LA PALABRA DEL DOMINGO

XIX Domingo. Tiempo Ordinario. Ciclo A: 13 de agosto del 2023

“Pedro representa a cada ser humano: cuando la mirada esta fija en Cristo”

Color: VERDE
Primera Lectura: 1 Re 19, 9a.11-13a
Lectura del Primer Libro de los Reyes

En aquellos días, cuando Elías llegó al Horeb, el monte de Dios se metió en una cueva donde pasó la noche. El Señor le dijo: «Sal y ponte de pie en el monte ante el Señor. ¡El Señor va a pasar!»
Vino un huracán tan violento que descuajaba los montes e hizo trizas las peñas delante del Señor; pero el Señor no estaba en el viento. Después del viento, vino un terremoto; pero el Señor no estaba en el terremoto.

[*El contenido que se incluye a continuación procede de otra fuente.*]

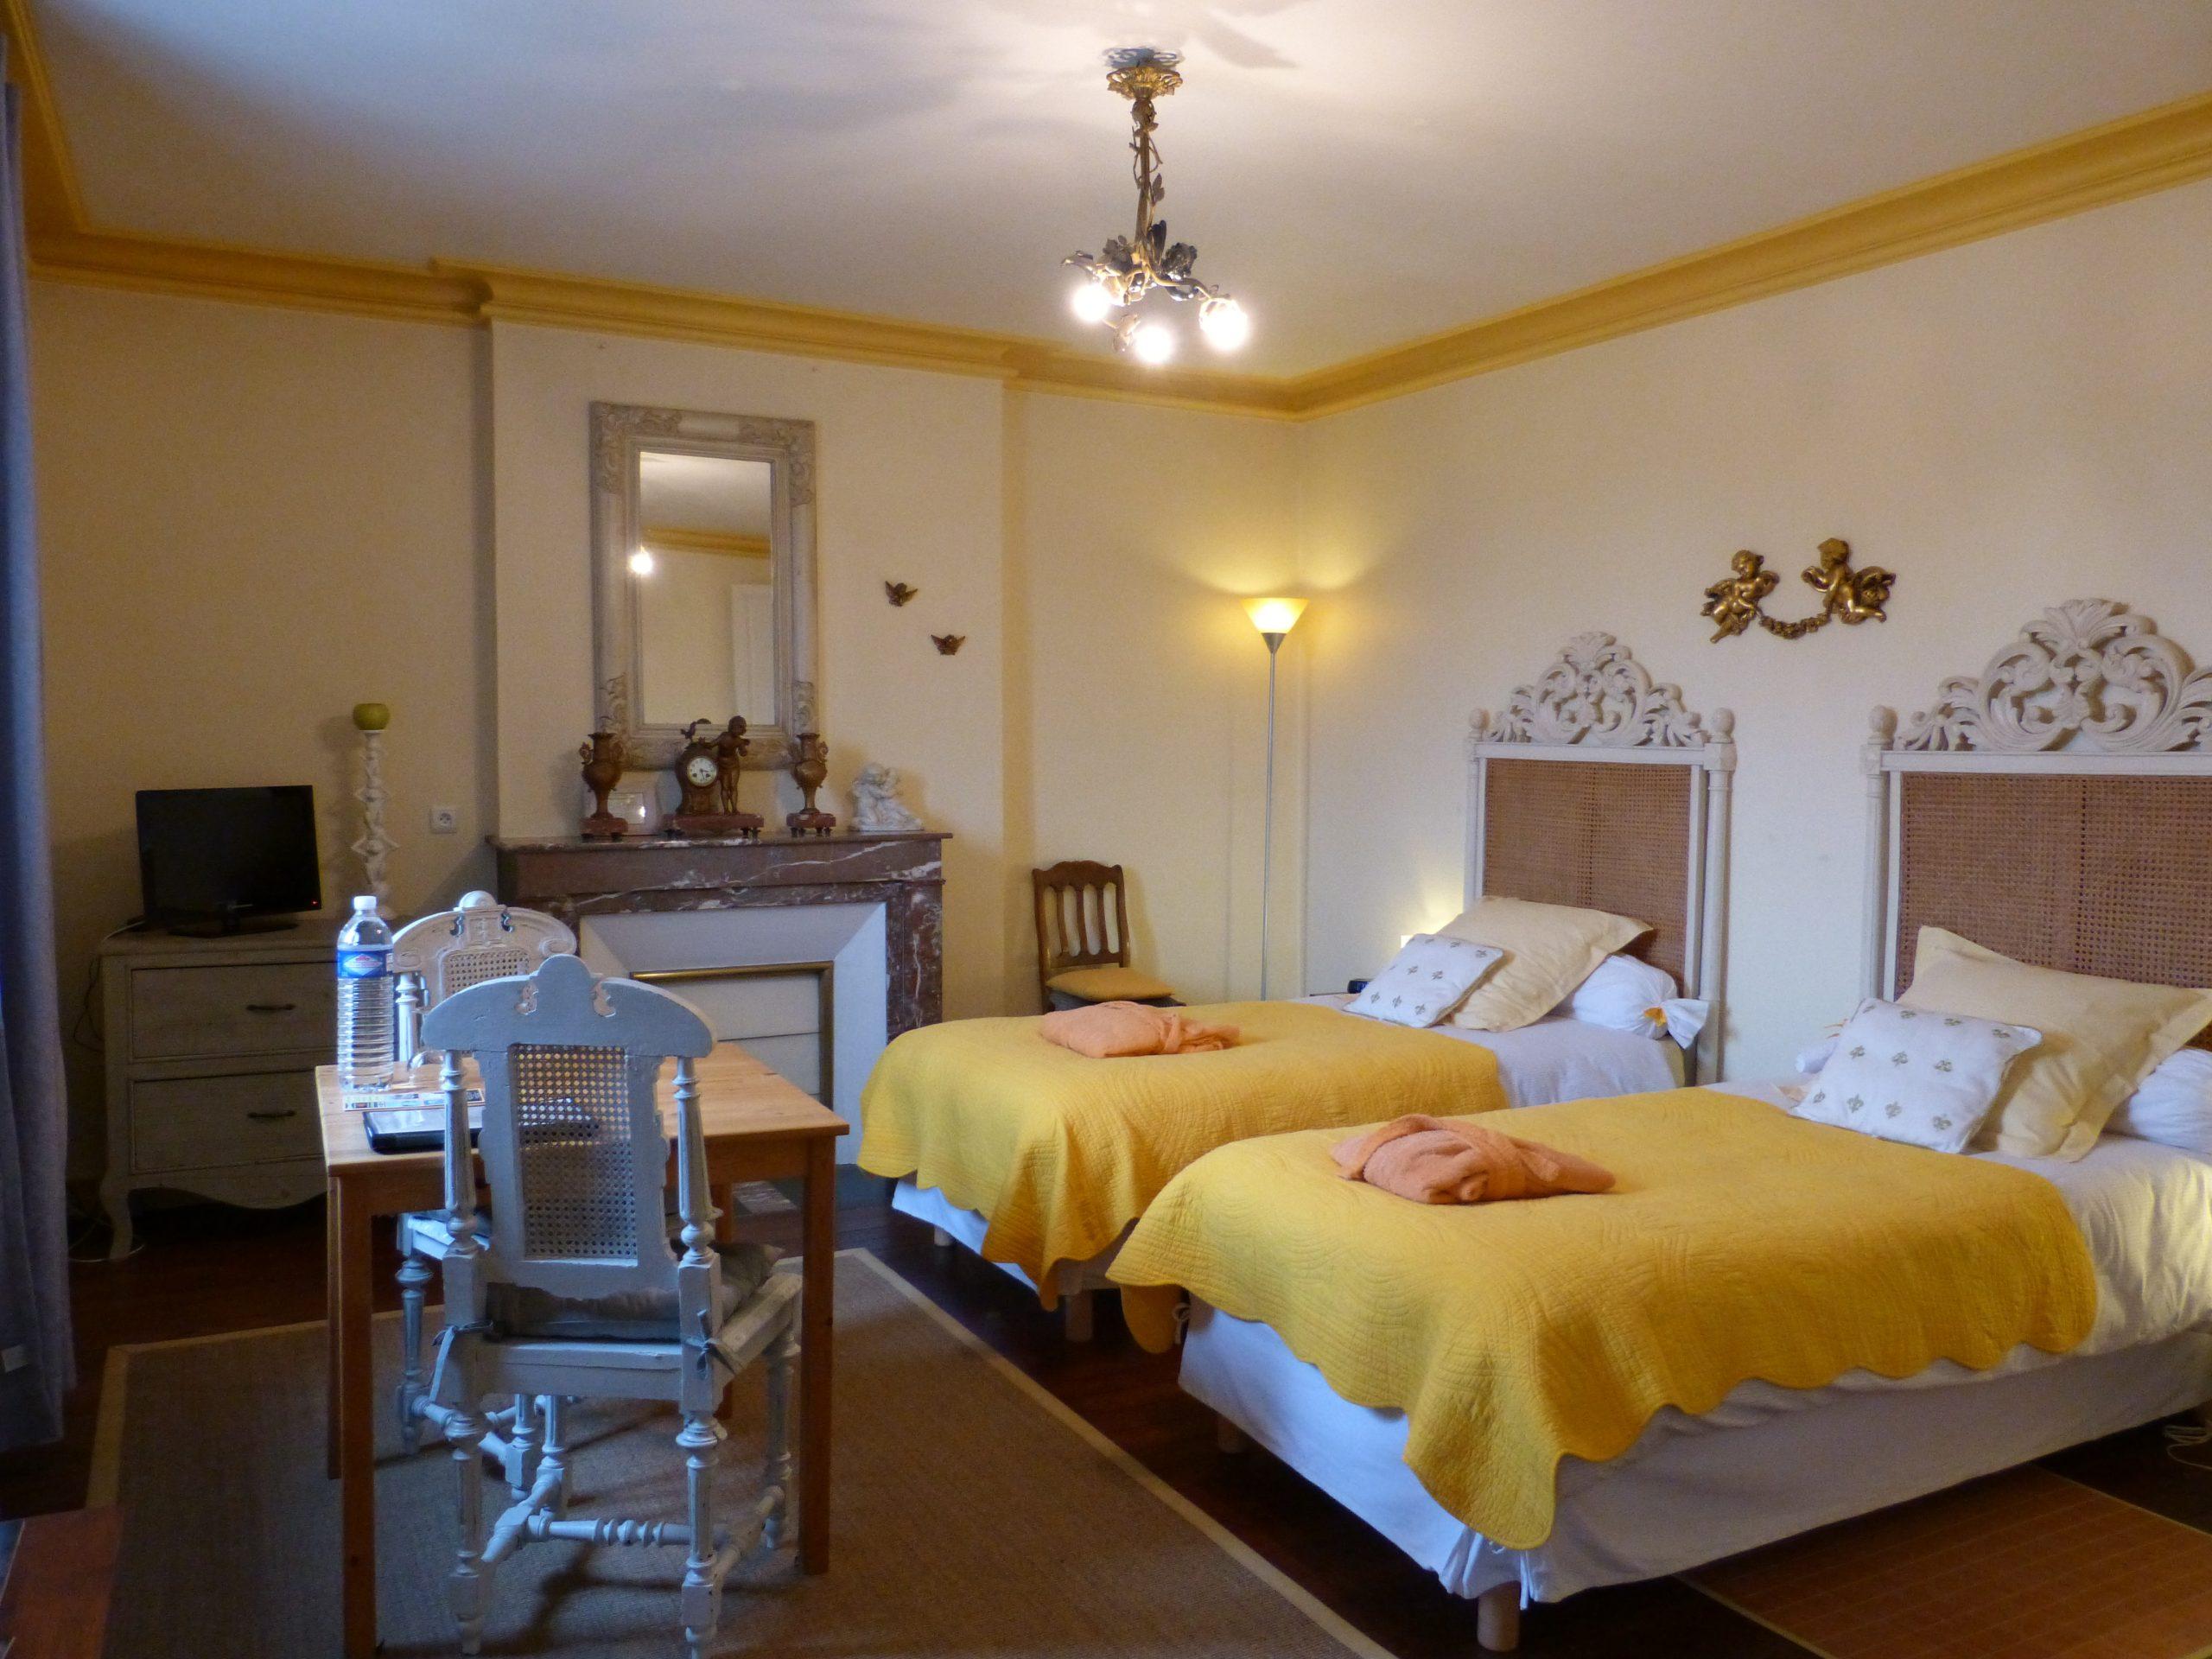 Chambres D'hotes Dordogne Avec Piscine Privee Hotel Particulier Du 19Eme  Siecle Proche De Bergerac intérieur Horaire Piscine Bergerac

Después del terremoto, vino un fuego; pero el Señor no estaba en el fuego. Después del fuego, se oyó una brisa tenue; al sentirla, Elías se tapó el rostro con el manto, salió afuera y se puso en pie a la entrada de la cueva.

Palabra de Dios

Salmo Responsorial: 84, 9ab-10. 11-12. 13-14
R/. Muéstranos, Señor, tu misericordia y danos tu salvación

Voy a escuchar lo que dice el Señor: «Dios anuncia la paz a su pueblo y a sus amigos”. La salvación está ya cerca de sus fieles,
y la gloria habitará en nuestra tierra. R/.
La misericordia y la fidelidad se encuentran, la justicia y la paz se besan; la fidelidad brota de la tierra, y la justicia mira desde el cielo. R/.
El Señor nos dará la lluvia, y nuestra tierra dará su fruto.
La justicia marchará ante él, la salvación seguirá sus pasos. R/.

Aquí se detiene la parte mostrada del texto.